The Skagit Valley Tulip Festival can bring 1,000,000 people to the Skagit Valley in a good spring. This year’s gathering would have brought tulip lovers here all of April, 2020, but not this year. COVID-19 has caused its promoters to tell people not to come to Mount Vernon, which has no roadside services, for the 2020 festival. Stay home and stay healthy they suggest.
The Skagit Valley Tulip Festival began 112 years ago. An Englishman named George Gibbs moved to Orcas in the San Juan Islands about 30 years before and found the area especially well suited for growing tulips. By 1905 he had 15,000 bulbs from Holland to experiment with. After World War II a man from The Netherlands named William Roozen, a successful bulb grower, brought tulip growing to the Skagit Valley between Seattle and Vancouver BC, others tulip lovers followed, and display gardens and the festival grew.

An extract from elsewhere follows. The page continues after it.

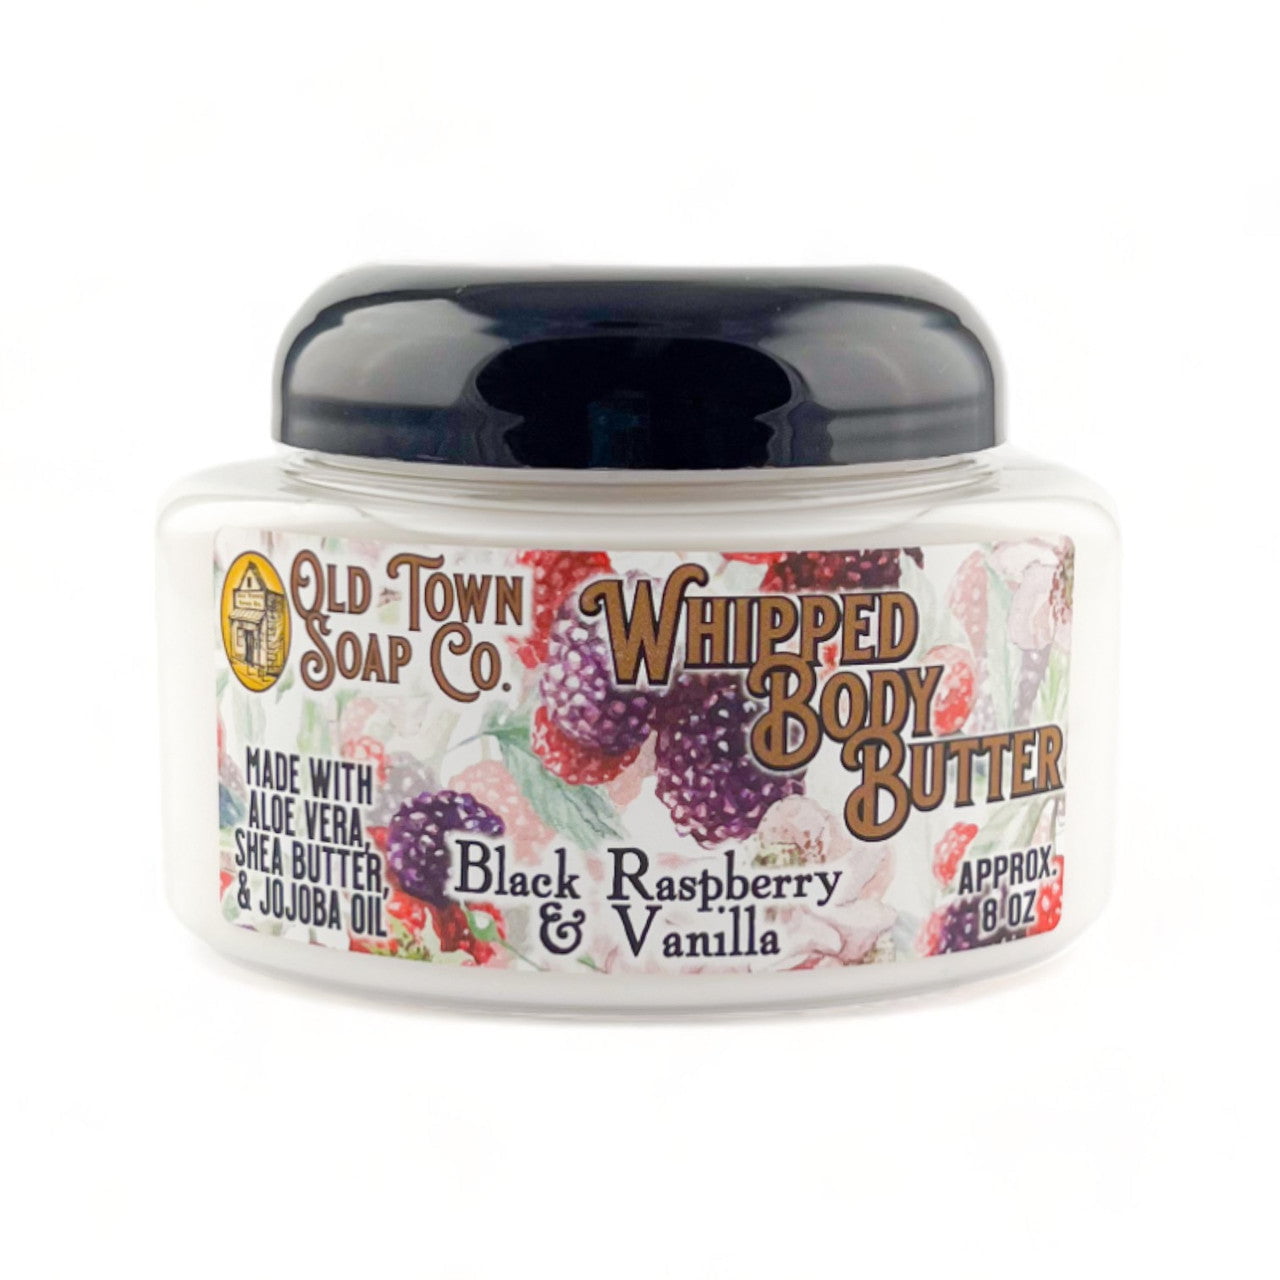 Black Raspberry Vanilla -Whipped Body Butter - Old Town Soap Co.

We are told to avoid super-spreading events and maintain social distancing while coronavirus rages, but a Washington State choir ignored this advice earlier in March and held a rehearsal. They maintained social distancing and were careful about contact. There had been no cases of the virus in Skagit County when 60 members of the Skagit Valley Chorale showed up for the rehearsal that lasted for more than 2 hours. No one appeared sick, but 2 chorale members have since died from COVID-19. Three weeks after this rehearsal, 28 singers tested positive for this virus and another 17 members showed symptoms but were not tested. Experts believe that this gives credibility to the belief that this virus can be transmitted via microscopic particles in the air. When people sing, they open their mouths widely and inhale and exhale a lot.
Be warned and only look at pictures of tulips this year. Up top is “Blooming Tulips” by Chris Ward of Jerome, ID. She made this hooked project that Ruth and I saw in a craft shop in Tillamook, OR. I took the photo of it and the other 2, one just above and the other below. I snapped Jeff Koons tulip sculpture when Steve Wynn first had it on display under his resort-casino in Las Vegas. The 3rd photo, a field of tulips, proves that this flower does indeed grow beautifully in Washington State.